In het bijzonder de gevolgen van de inkoop voor de berekening van de herbeleggingsreserve
en de samenstelling van het vermogen aan het einde van het desbetreffende jaar leveren
soms problemen op. De boekhoudkundige verwerking van een inkoop van aandelen bij een
beleggingsinstelling kan het beste aan de hand van een voorbeeld worden verduidelijkt.
Voorbeeld
Het vermogen van X NV (lichaam met status van beleggingsinstelling) bestaat bij het
begin van het jaar uitsluitend uit aandelenkapitaal van 100 en een herbeleggingsreserve
van 50. In het jaar ontstaat geen wijziging in het gestort kapitaal. Tot 1 juli wordt
een direct beleggingsresultaat behaald van 20. Daarnaast realiseert X NV in het eerste
halfjaar koerswinsten van 60. Op 1 juli wordt 20% van de aandelen ingekocht voor een
bedrag van 46. X NV merkt de inkoop aan als een inkoop als bedoeld in artikel 3, eerste
lid, onderdeel a, Wet DB. De inkoop wordt gefinancierd met de directe beleggingsopbrengst
van 20 en met de verkoop van beleggingen voor 26. In het tweede halfjaar worden geen
resultaten behaald.
Uitwerking
Gezien het directe beleggingsresultaat en de koerswinsten bedraagt het vermogen direct
voorafgaande aan de inkoop per 1 juli: 230 (150+20+60). De inkoop wordt gefinancierd
door verkoop van beleggingen voor 26. In het tweede halfjaar worden verder geen resultaten
behaald. De waarde van de nog aanwezige beleggingen ultimo van het jaar bedraagt dan
184 (150+60-26).

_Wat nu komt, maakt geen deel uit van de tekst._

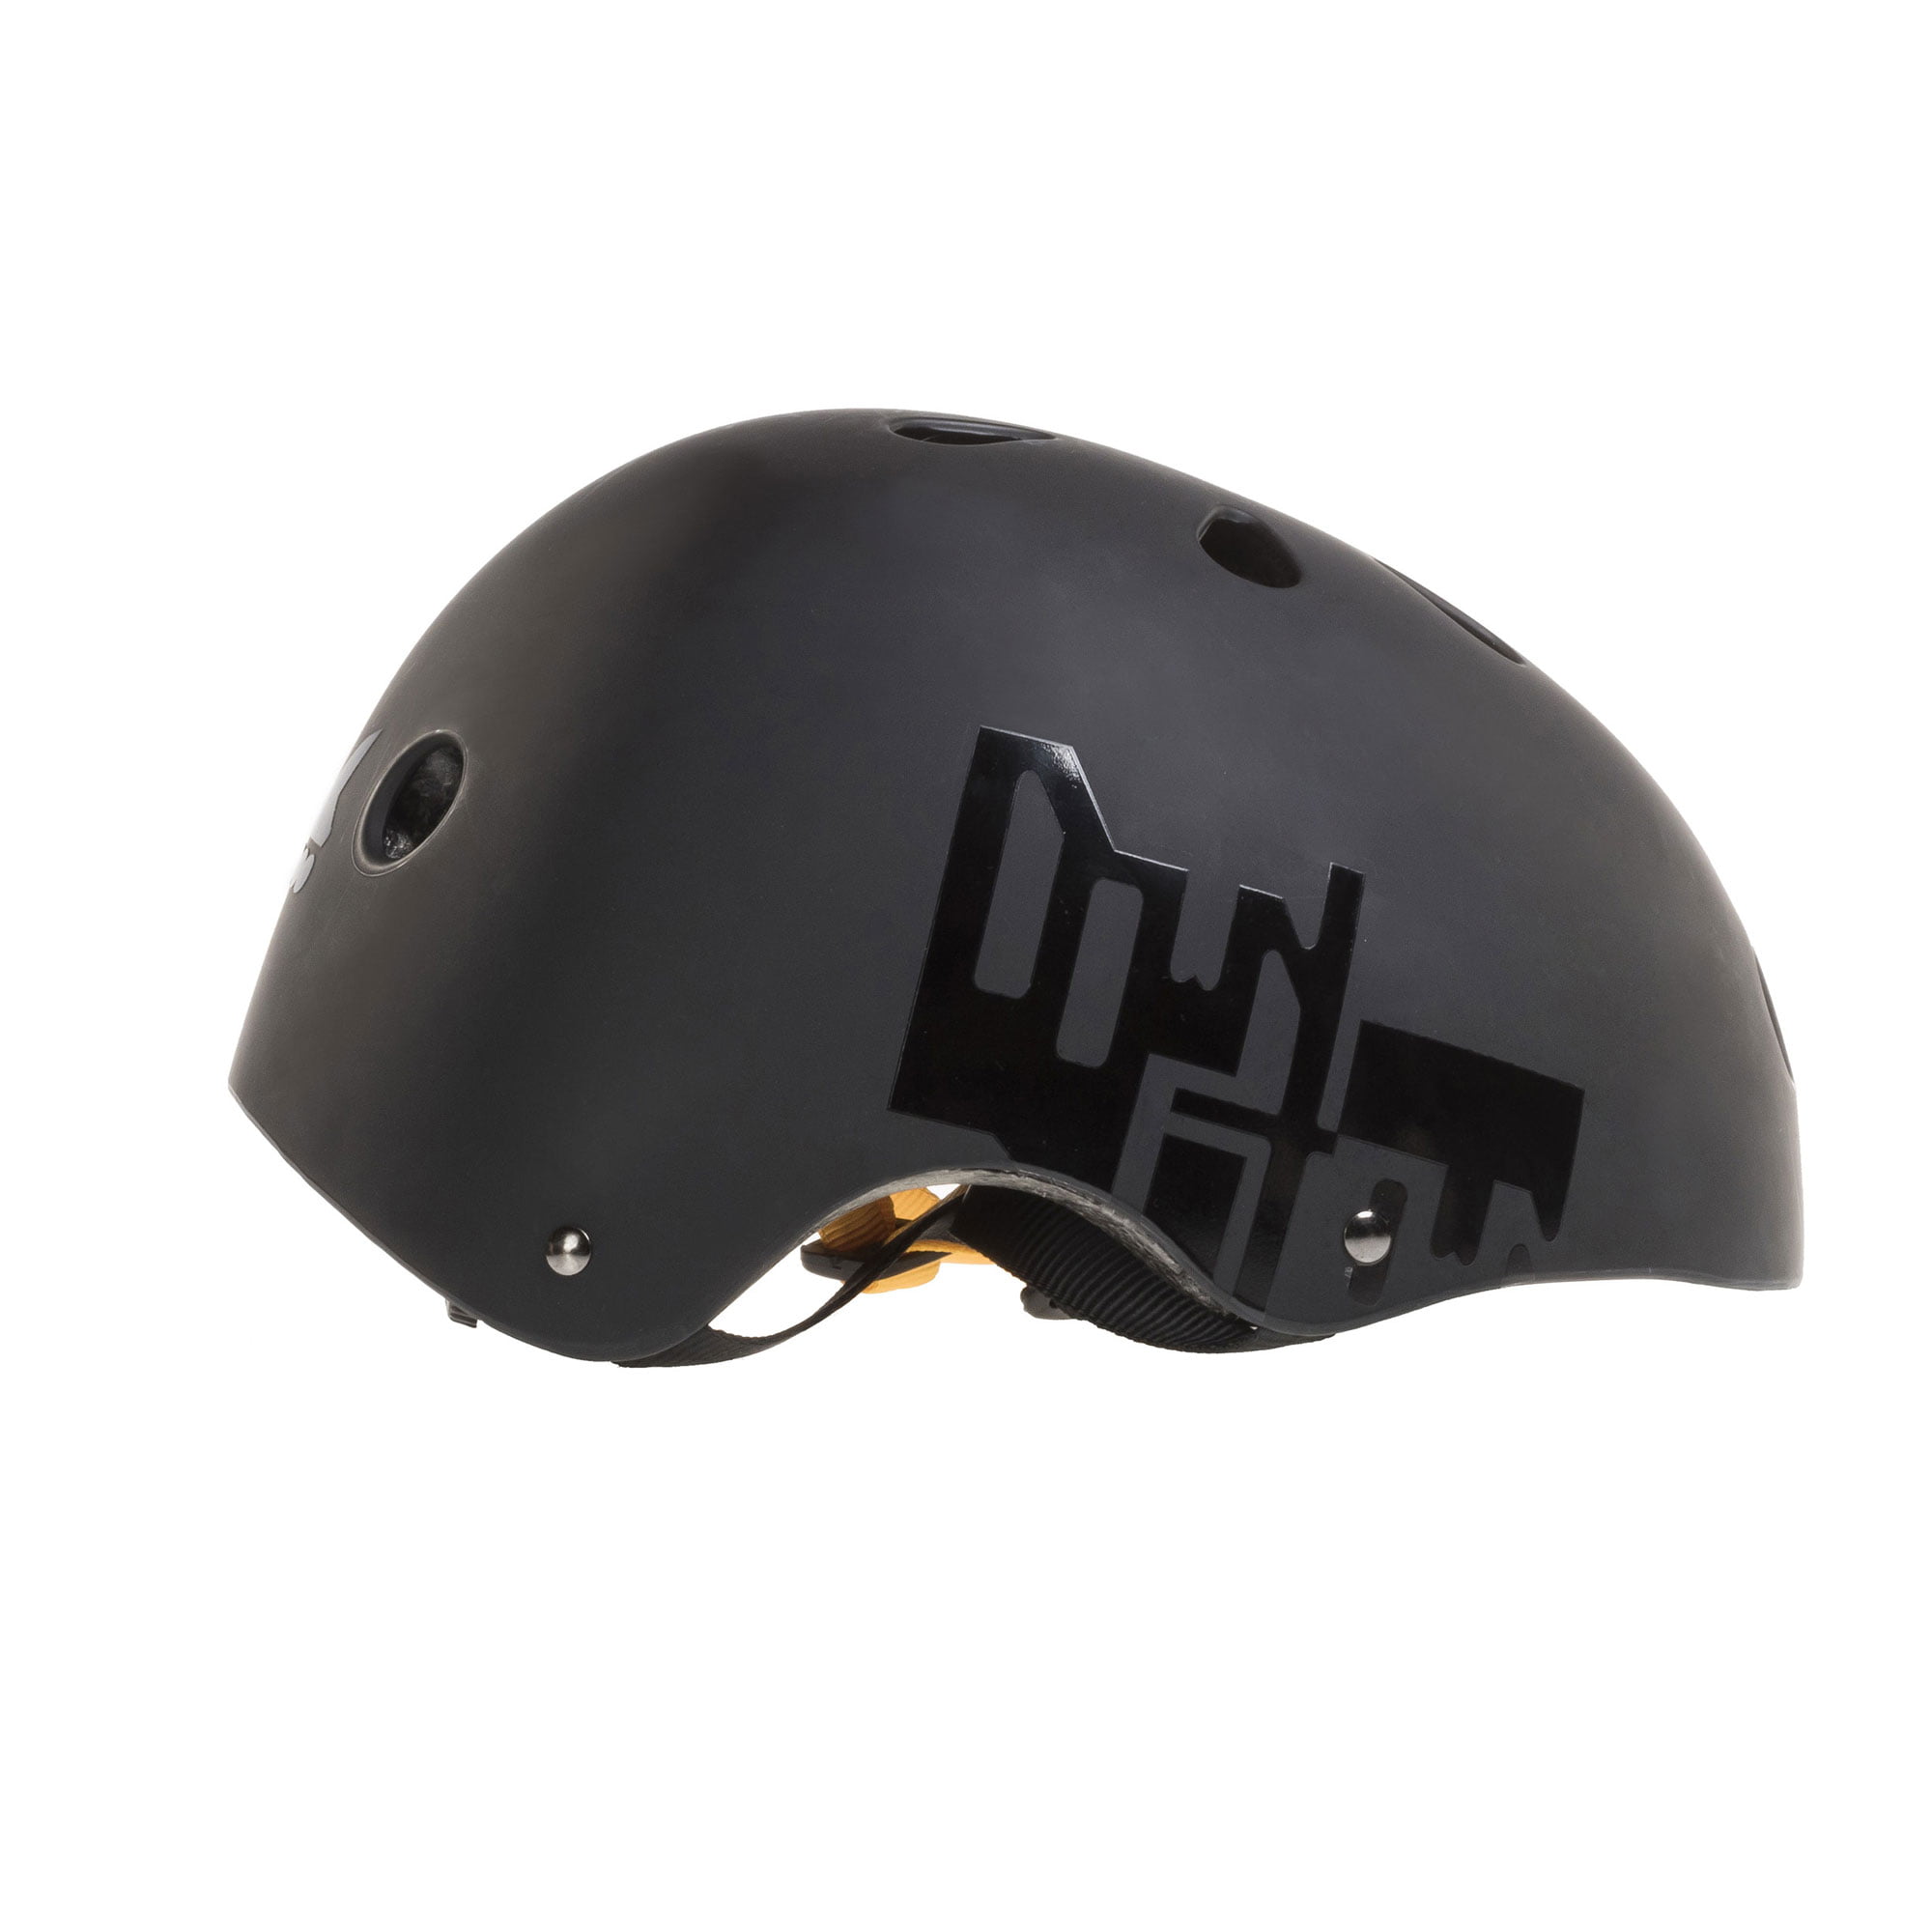 Black Rollerblade USA Downtown Skate Helmet w/ ABS Shell & 11 VentsLarge 
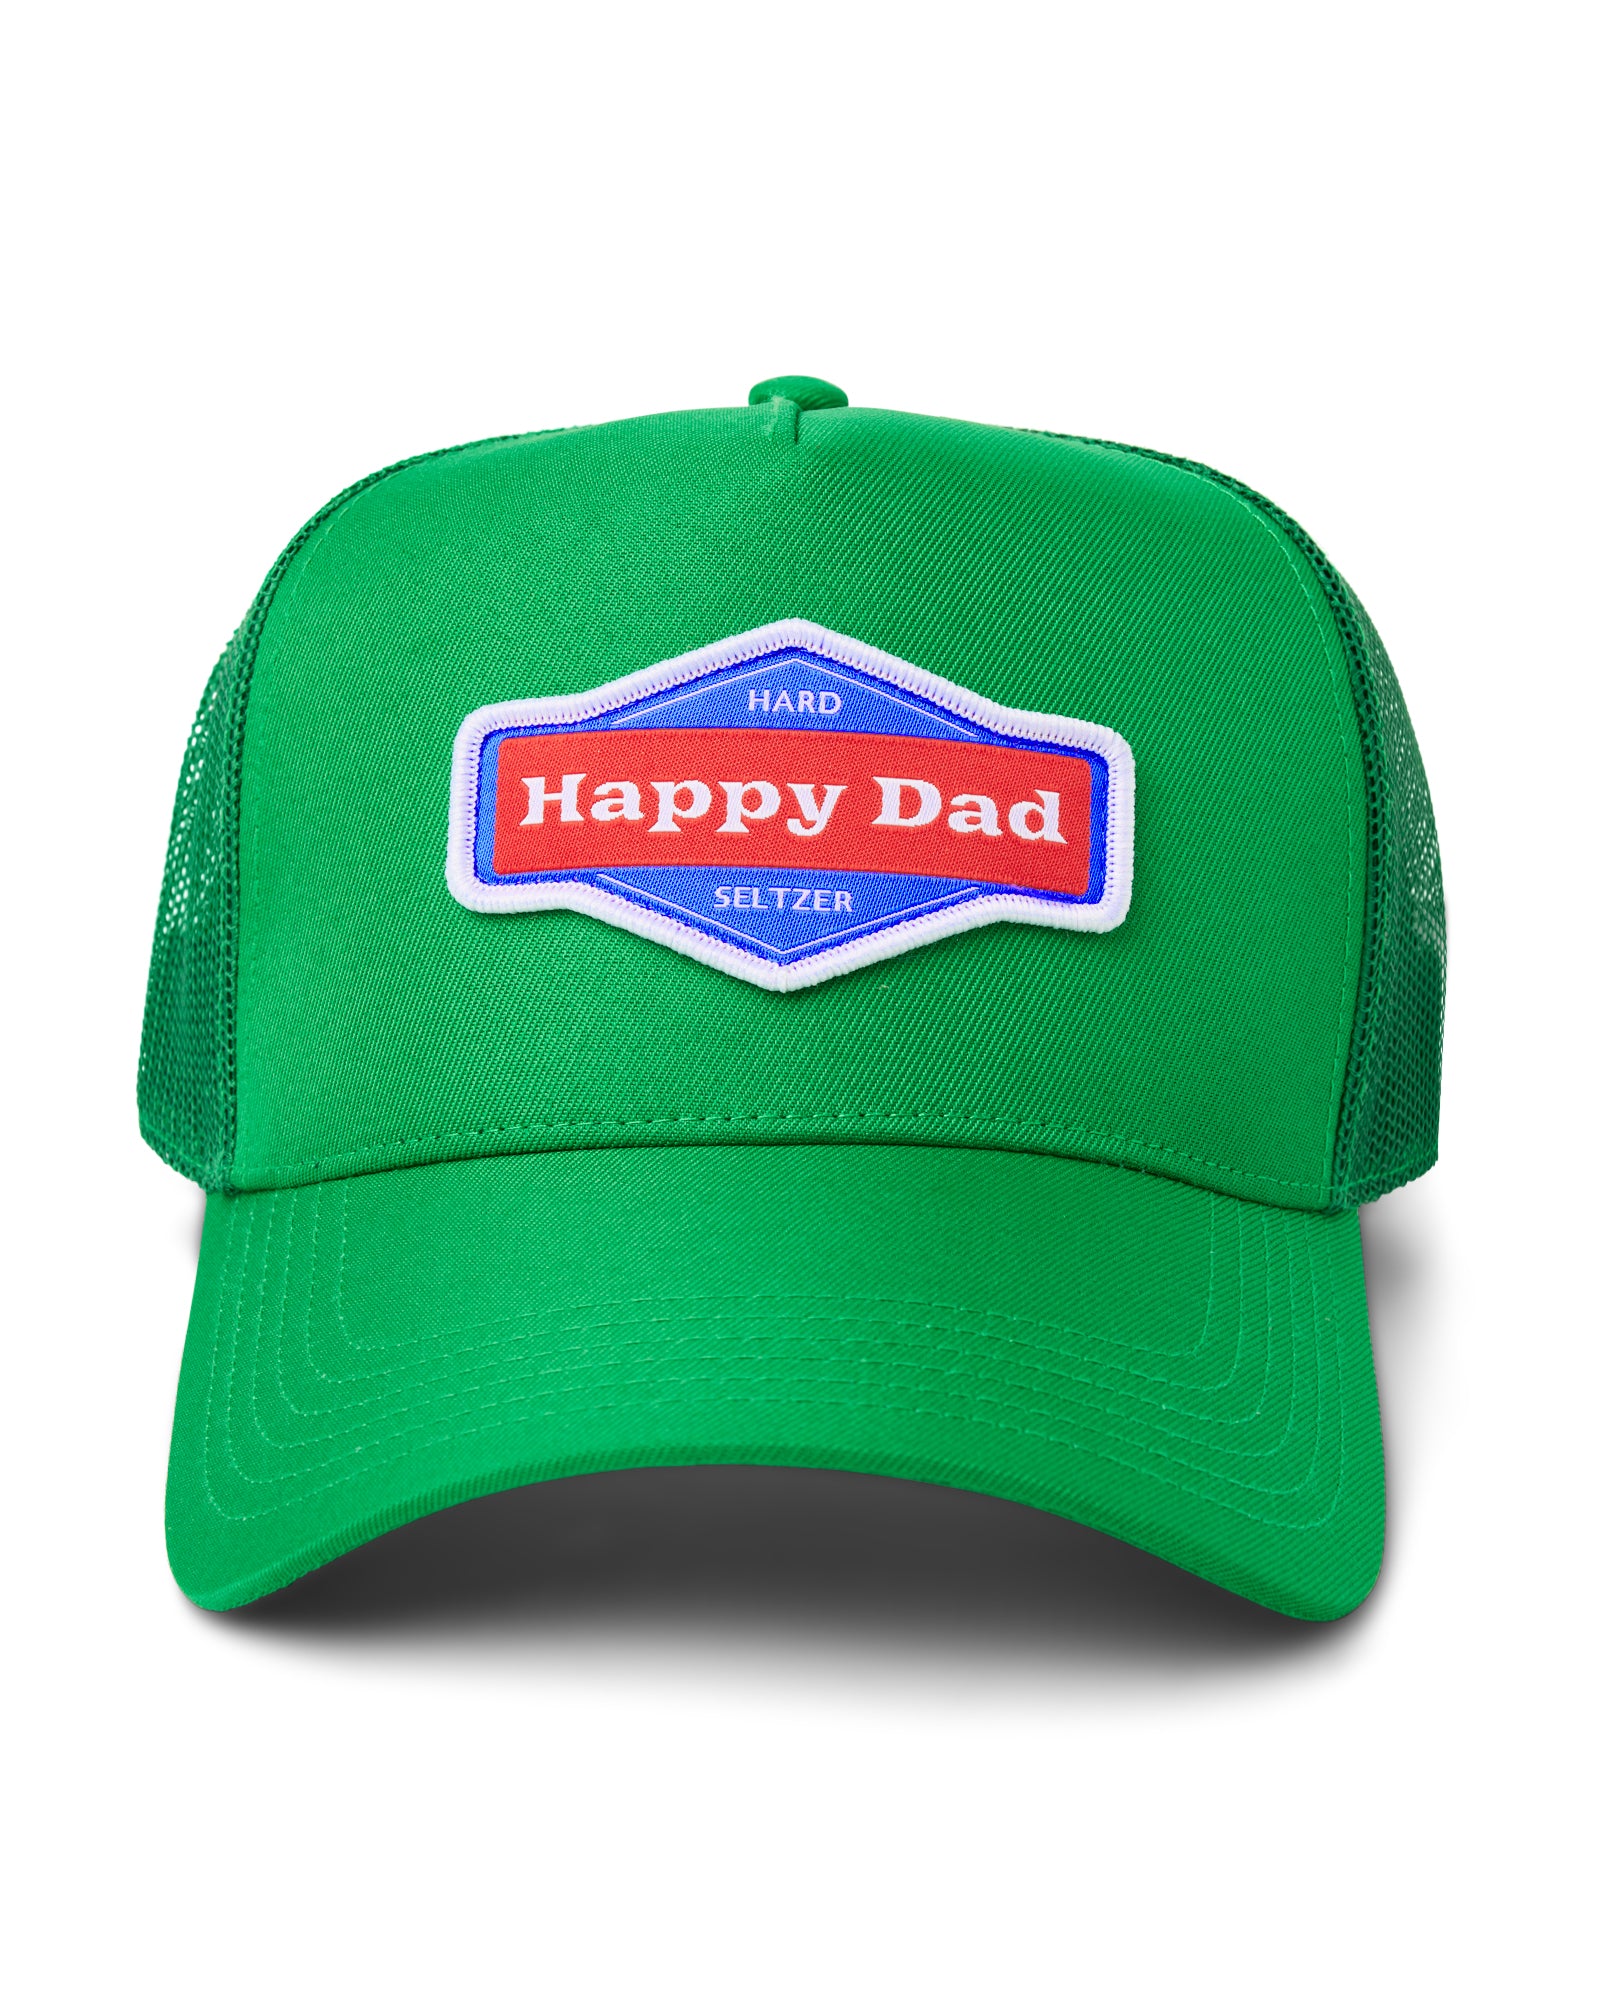 Happy Dad Trucker Hat (Green)

Ook het vermogen per 31 december beloopt 184.
Als gevolg van artikel 4, tweede lid, BBl wordt het saldo van koerswinsten en verliezen
van 60 toegevoegd aan de herbeleggingsreserve. Daarbij moet rekening worden gehouden
met het aan de herbeleggingsreserve gestelde plafond in artikel 4, vijfde lid, BBl.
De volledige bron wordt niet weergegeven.